Baroque Egg with Bow (Turquoise/Magenta) by Jeff Koons. Photo: Sotheby's
Is the art market on the verge of an ice age?
Last week, the all-important contemporary art auctions were held in New York. The big houses raked in tens of millions of dollars—Sotheby’s hit $47 million in its May 12 evening sale, and Christie’s did $93 million the next night—and set a few records. But no matter how they tried to spin it, those sums were relatively skimpy. Christie’s brought in three times more last year, and the big lot at Sotheby’s, Jeff Koons’ Baroque Egg with Bow (Turquoise/Magenta), which had been shopped around for $20 million, sold for $5.5 million.
The problem isn’t just lack of enthusiastic buyers. This isn’t the housing market, where there’s been a flood of inventory and a resulting drop in prices. We’re talking about art collectors, people who are less likely to need cash. A lot of potential sellers have decided to stay out of this mess, helping to freeze the market up.
“People are holding on to their art,” Michael McGinnis, worldwide director of Phillip de Pury’s contemporary art department, told the New York Times last week, after its sale brought in just 63 percent of the low estimate.

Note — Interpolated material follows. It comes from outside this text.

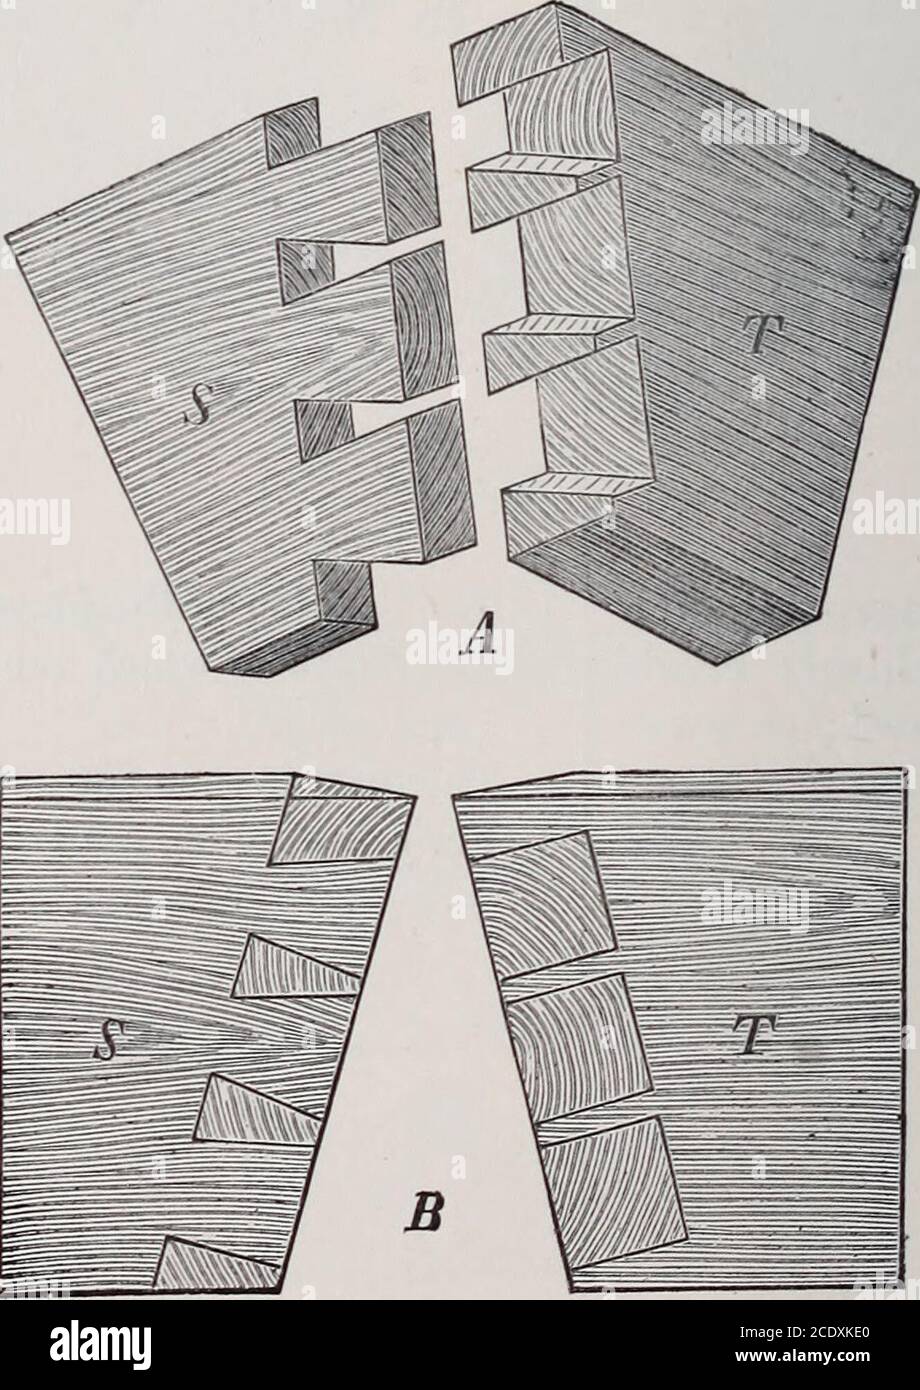 . Teacher's handbook of Slöjd . Lock-fitting. 79 Oblique dove-tailing. To make a rectangular end-joint withoblique pieces of wood.. Fig. 118. 175 Tools required. Directions for Work. Pin-bit; firmerchisel; knife:bradawl;screwdriver;compass-saw. Bevel; dove-tailsaw; com-pass; square;tenon-saw;firmer chisel;smoothing-plane. 1. The position of the lock is decided on. 2. The place is cut out with the pin-bit and the firmer chisel to a depth which permits the metal plate to lie on thesame plane as the wood. 3. The hole for the key is cut out with the centre-bit, knife, and chisel. (In larger work w Stock Photo

We heard the same thing from a friend who heads a department at a smaller auction house. Prying quality work loose from owners’ hands is no easy task in a weak market, he said. Anyone who can afford to wait for higher prices is doing so.
Cry me a river, you say? It’s not just auction giants that are getting a comeuppance. Anecdotally, it seems like smaller art businesses are taking a harder hit. We don’t want galleries, art shows, artists to go away, and you probably don’t either.